Raymond A. Adomaitis and Vivek Dwivedi. Chemical Engineering, University of Maryland, College Park, MD 20742

Atomic Layer Deposition (ALD) is a process crucial to the production of nanoscale electronic and photonic devices. In this process, thin films are deposited on a substrate through repeated exposure of the growth surface to a sequence of precursor species. This mode of operation allows for nearly perfect control of film thickness to atom-scale lengths, even over complex surface topographies.

Despite the performance that can be achieved in these processes and its current use in manufacturing (e.g., the HfO2 gate oxide used in current Intel 45nm node technology [1]), fundamental gaps in our understanding of anomalous growth in even the highly studied Al2O3 ALD process [2] under non-ideal conditions persist. Therefore, we present in this paper our research on Monte Carlo (MC) based simulation of ALD and other thin film deposition processes to examine the fundamental growth mechanisms.

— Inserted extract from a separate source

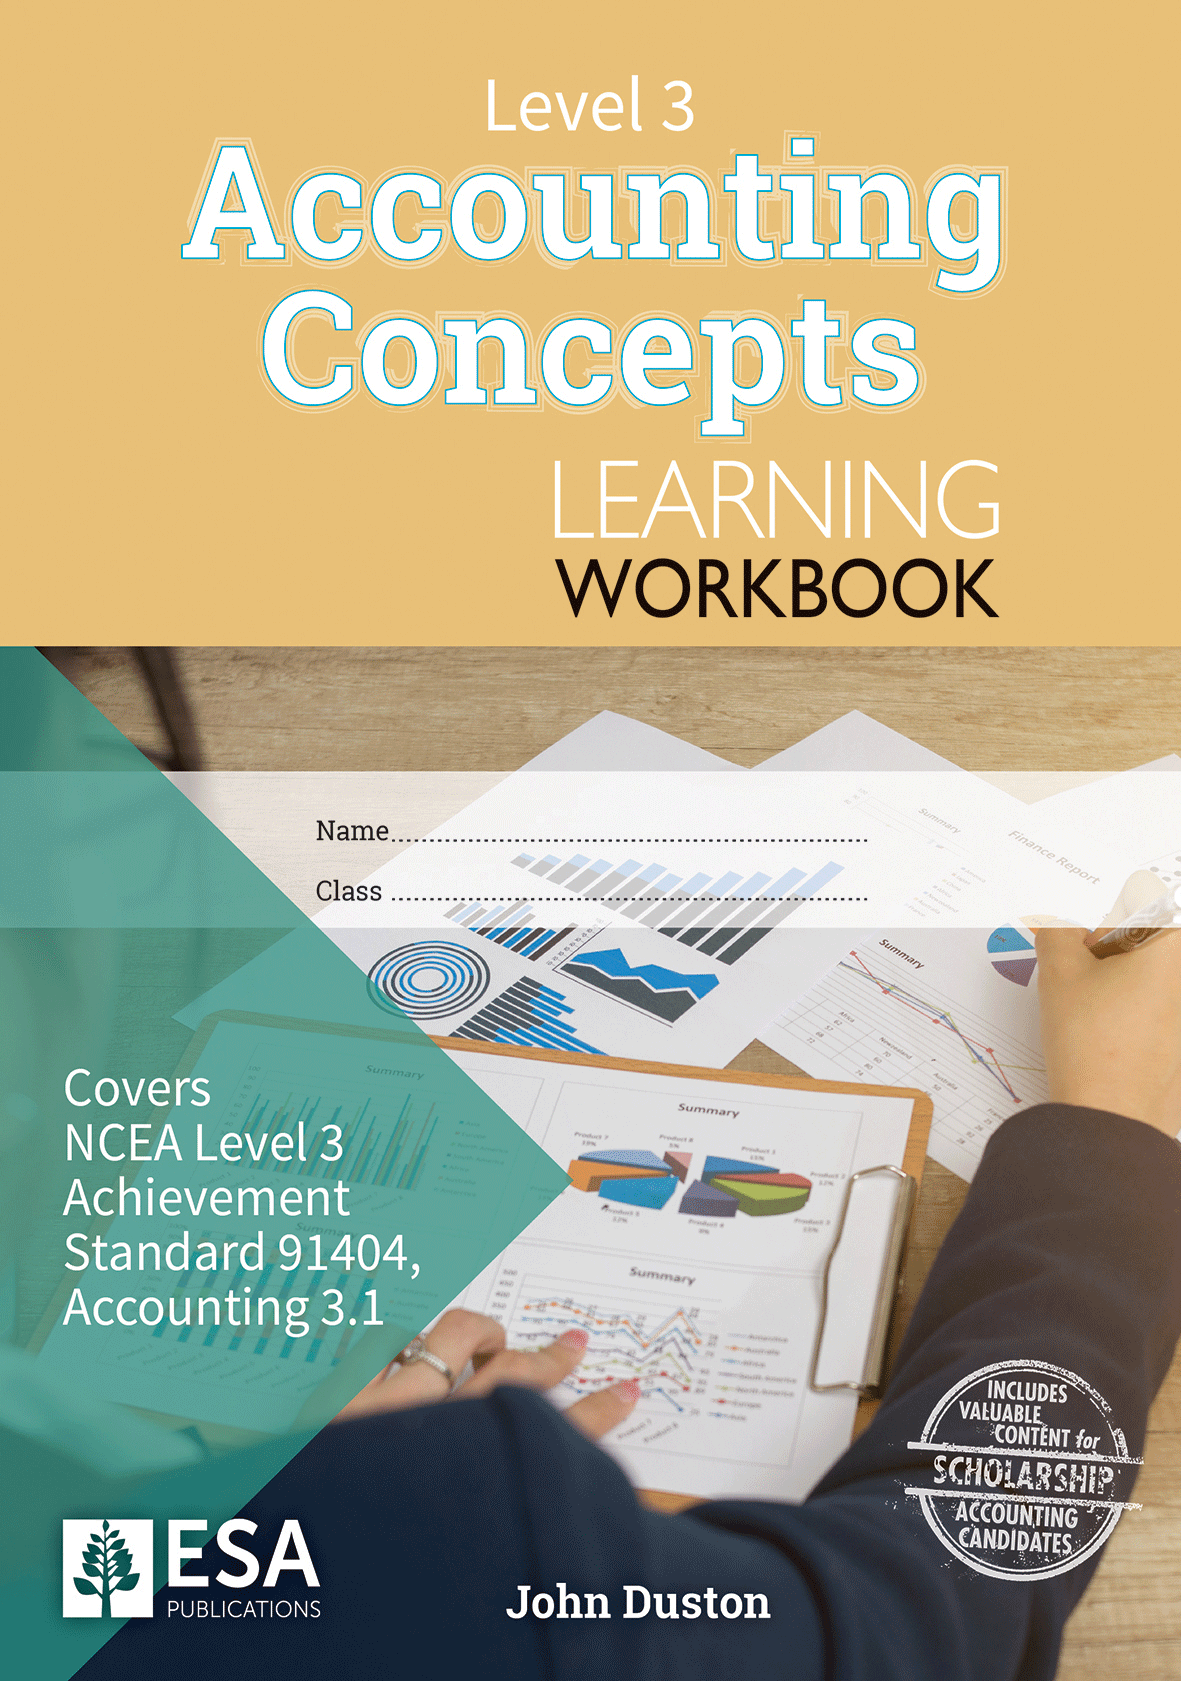 Level 3 Accounting Concepts 3.1 Learning Workbook
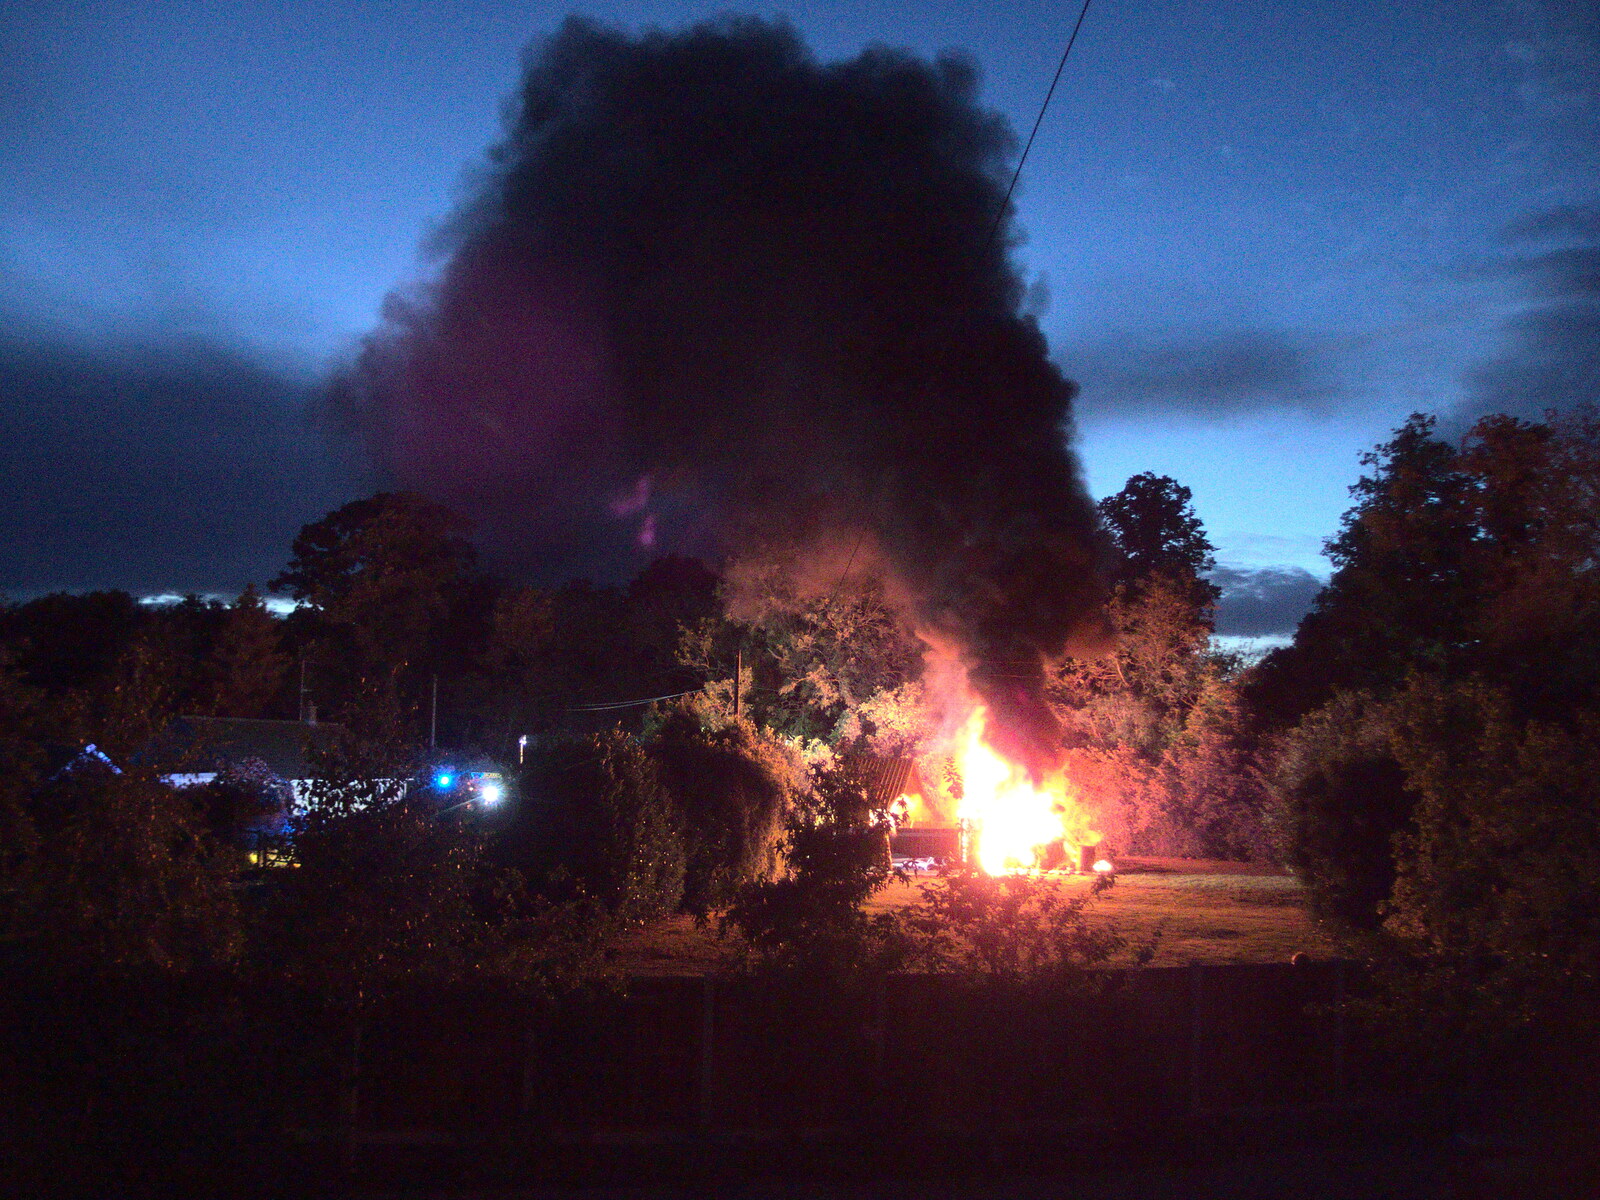 A wall of smoke drifts over the Oaksmere from A Fire, a Fête, and a Scout Camp, Hallowtree, Suffolk - 30th June 2022

Our MC simulation methods are based on discretizing the growth surface, enumerating all possible states that can exist for each of the lattice regions and all possible transitions between these states during each of the ALD exposure half-cycles. Transition probabilities are quantified using a combination of published literature on Al2O3 ALD and from data obtained from our collaborators. In our work, the surface states and transitions are represented as nodes and edges of a graph, respectively. We will demonstrate the benefits of using this approach in terms of clarifying and classifying the relationships between the large number of chemical and physical processes at work in our deposition systems.

Furthermore, we consider the problem of directly computing the steady-state behavior of the ALD process, which consists of finding fixed points to limit cycle solutions. In our approach, we represent the growth surface both by the lattice of states and a lower-dimensional distribution function. At the start of a full ALD cycle, the distribution function is used to generate a microscopic realization of the growth surface, which is followed forward in time through each exposure half cycle using the Monte Carlo simulator. The result at the end of the cycle then is projected back down to the low-dimensional distribution (the lift/simulate/restrict approach of Kevrekidis and coworkers [3]), and a residual is computed from the difference between the distributions at the start and end of the full exposure cycle. This residual is used in a Newton-Raphson procedure to compute the steady-state.

This talk will focus mainly on Al2O3 ALD using TMA and water as precursors. The use of our fixed-point algorithm in conjunction with a reactor-scale transport model also will be presented as a demonstration of multiscale simulation of the complete ALD process.

[1] IEEE Spectrum, Oct. 2007.

[2] Rubloff, et al., 2007 AVS meeting.

[3] See, e.g., Cipria, SIAM News, June 2005, for an overview.